I gazed into the horizon's abyss, and when I spoke, my voice cracked like distant thunder.
"Lutessa...how would you feel if all your loved ones had passed, leaving you behind? Alone...yet still breathing."
The wind stirred her sleeves as she stepped closer. Her words came steady, unwavering.
"Not all have passed, Erza. You have me...and your son ."
At that, something flickered within me...something fragile, like the last ember refusing to die in a long-cold fire.
When Lutessa departed, I walked alone. My feet traced paths I had once raced through as a child. My thoughts pressed against me like ghosts: Why am I still here? Why has an ancient relic like me endured into an age not my own? These questions return to me always. Perhaps it is not the world I grieve, but the people I miss.
The Celestial Gardens called to me. An eden where memory blossomed in light. Each plant glowed faintly, encoded with the history of those long gone.
And there, amid the radiance, I saw her.
A little girl. She danced among the flora, her laughter ringing as pure as glass chimes. Her hair caught the sunlight like spun starlight. But it was her eyes that pierced me. Wide, bright, unbearably familiar.
They were Alya Aerius's eyes.
I froze. The child's joy cracked something open inside me. For an instant, it was as if Alya herself stood before me alive, radiant, unchanged. My mind buckled, tumbling back through decades of peace, graveside silences, and fragile illusions.
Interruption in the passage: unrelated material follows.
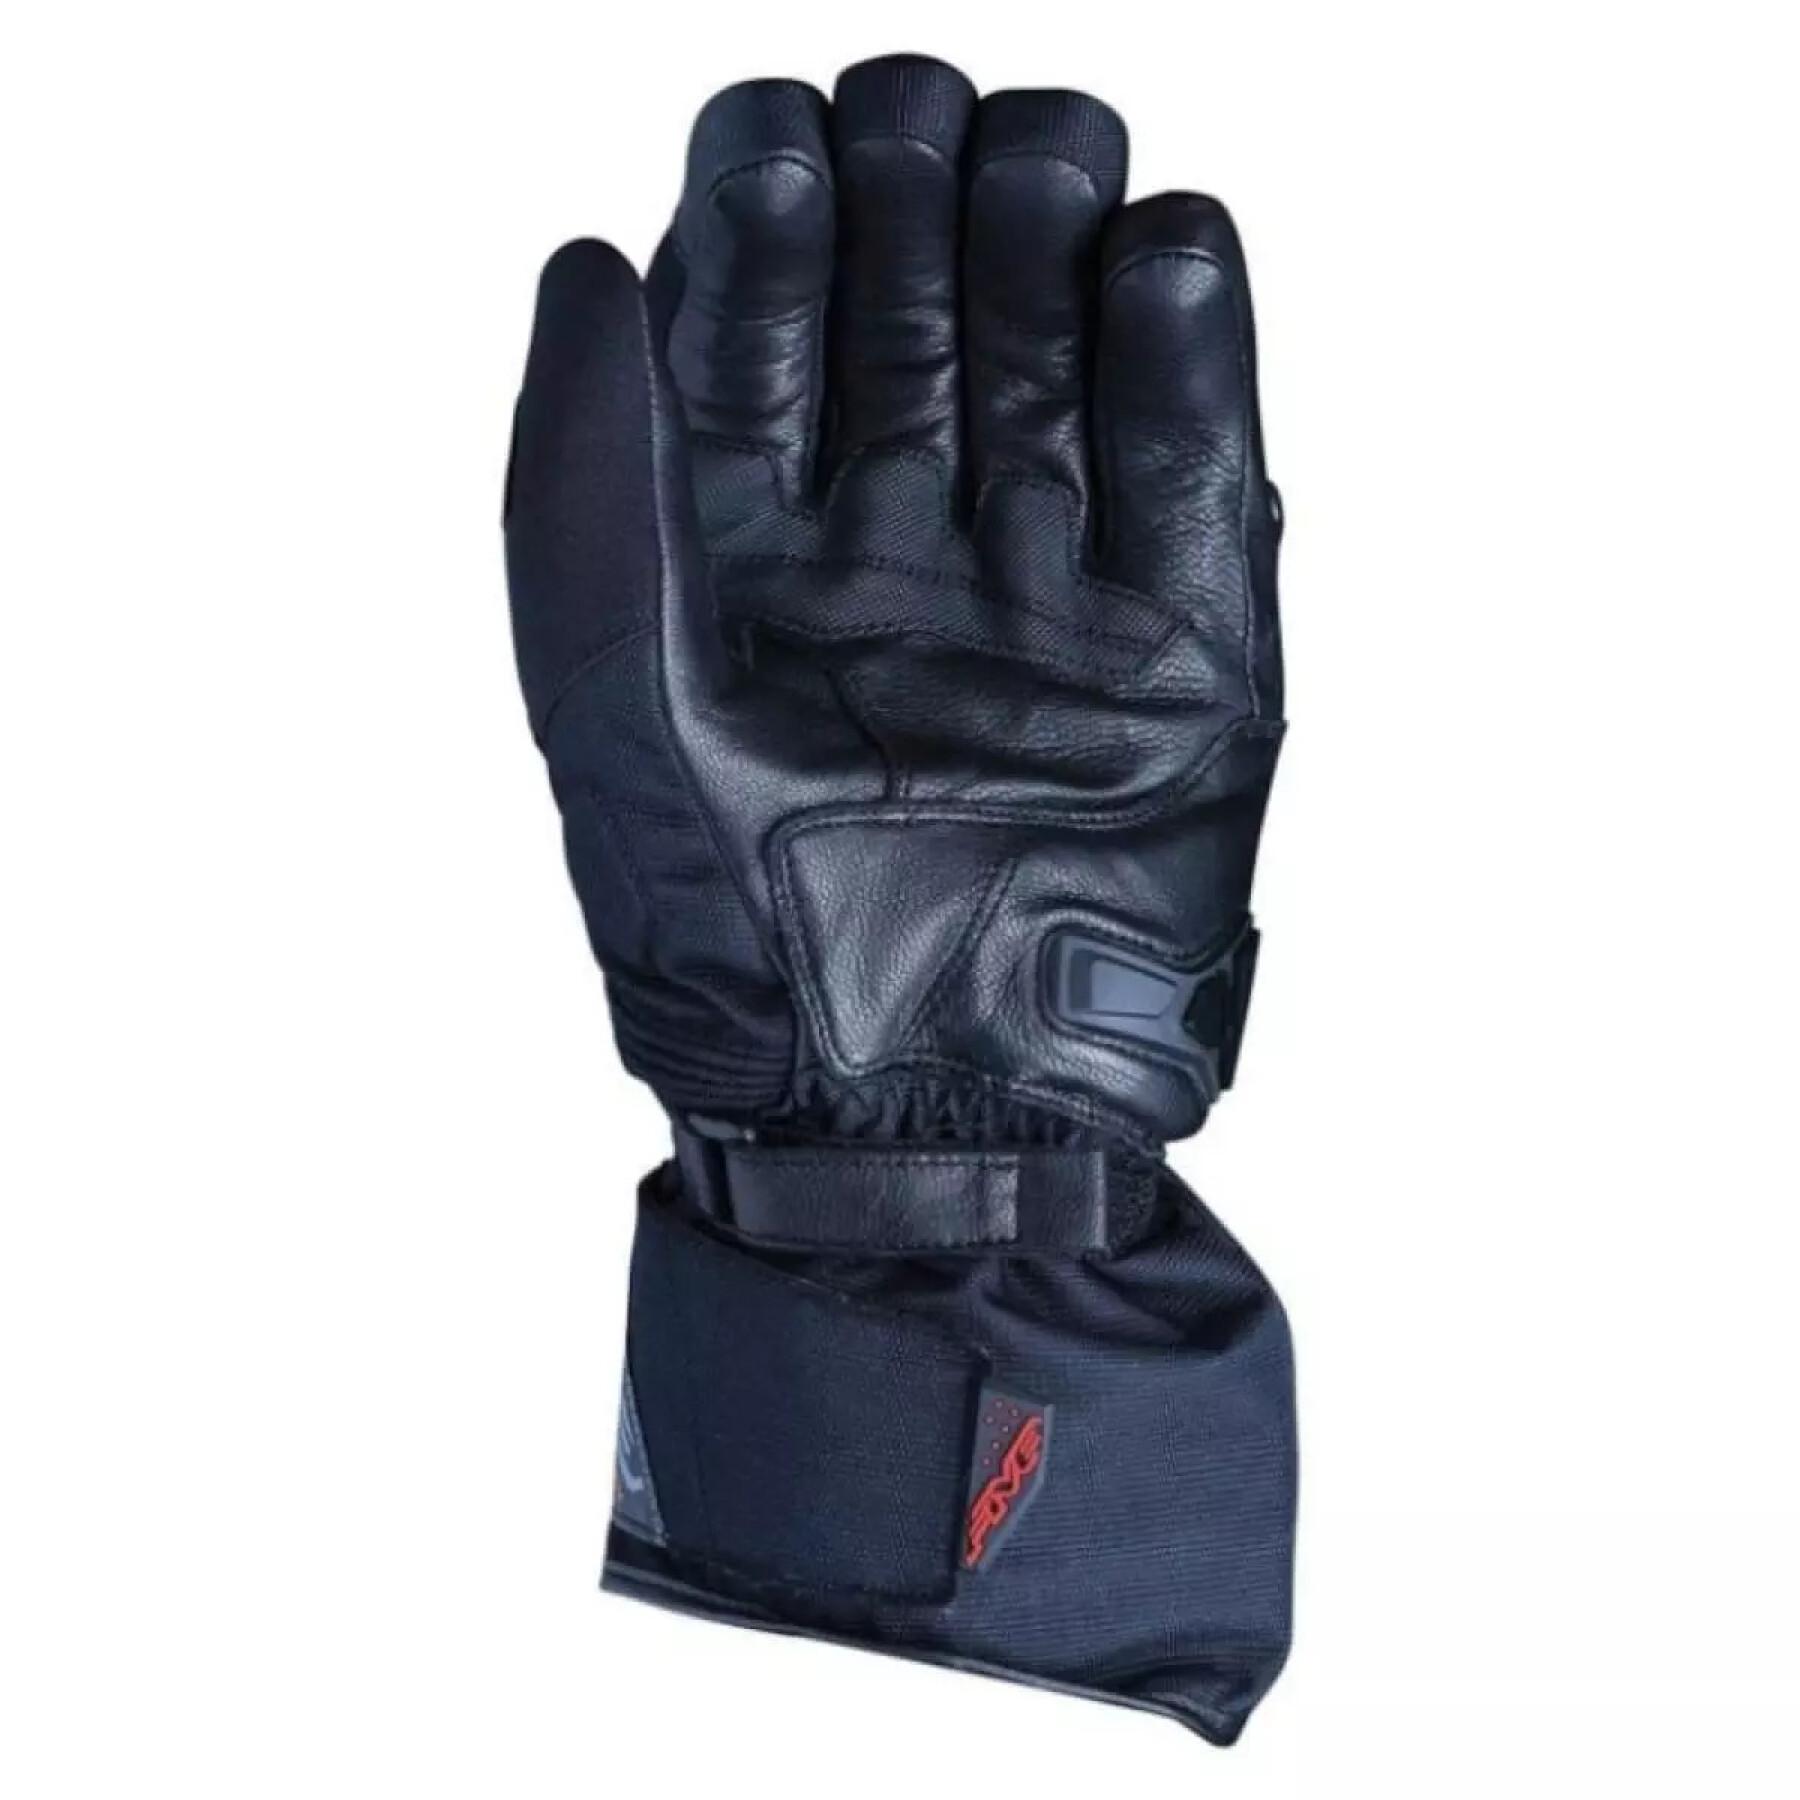 Heated motorcycle gloves Five HG2 Evo Wp
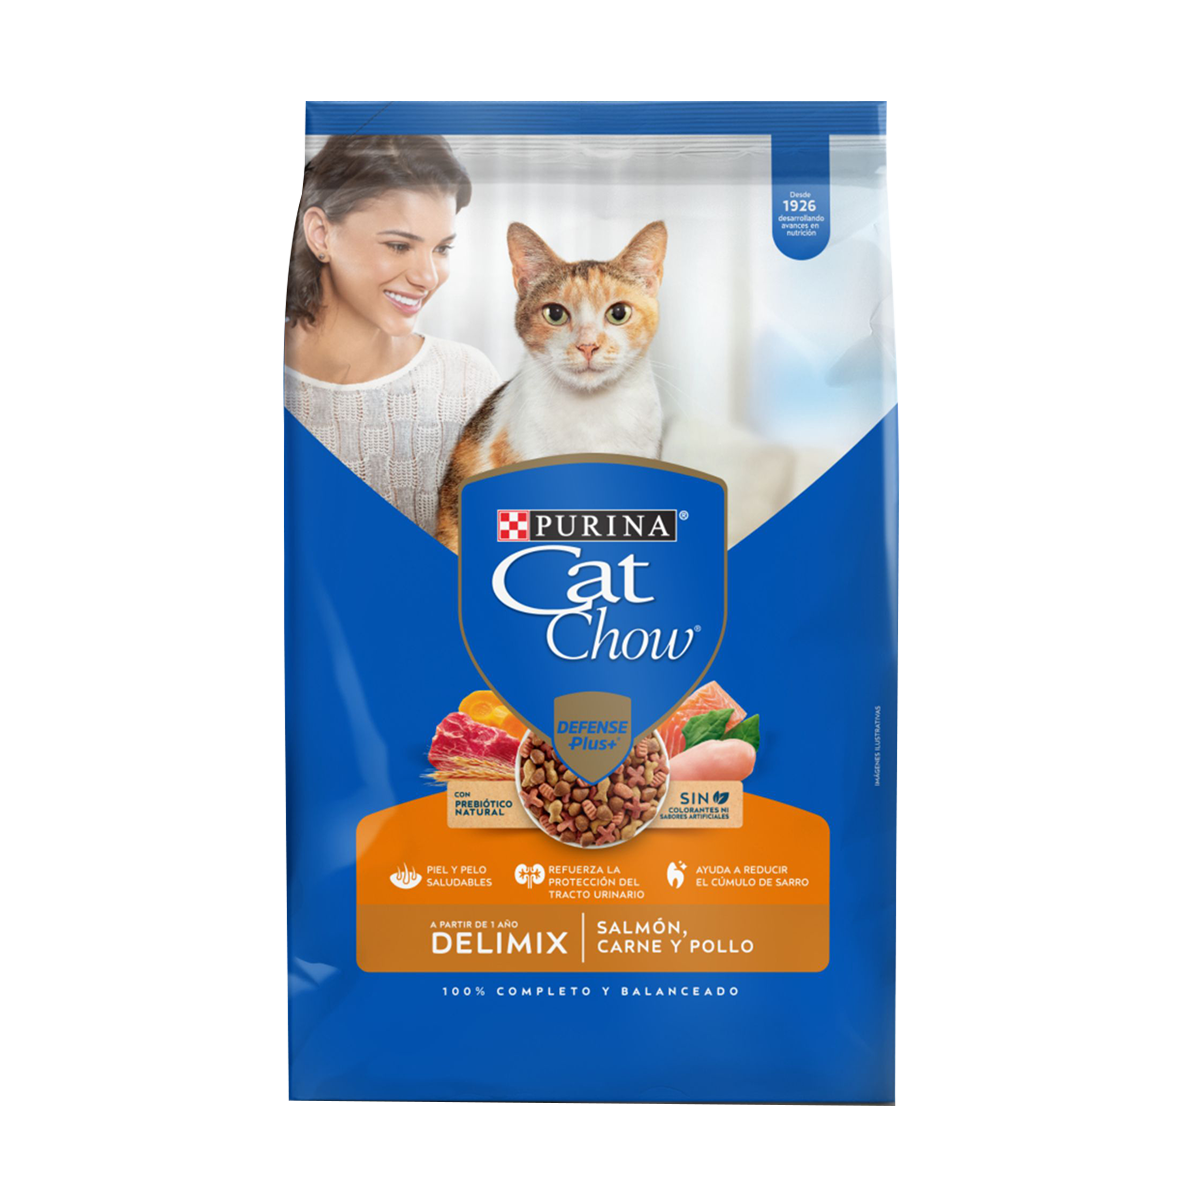 Purina-Cat-Chow-DRY-Delimix-adultos-01_0.png

Memory surged, unrelenting.
My hand tightened on the hilt of my katana, anchoring me against the tide of the past.
Once again, I stood atop the Verdant Cliffs. The wind tore at me, carrying the faintest echoes of voices long extinguished. Beneath me, Avril shimmered, a jewel forged of ruin and redemption.
But I am no jewel. I am a remnant.
And so I write not for myself, but for those yet to come. For I am the last witness of an age that is no longer mine. I will record its struggles, its victories, its shadows. I will inscribe the name AvivA, and above all, I will preserve the life of Alya Aerius.
Where to begin again? Ah… yes.
It began the day Alya first beheld true evil.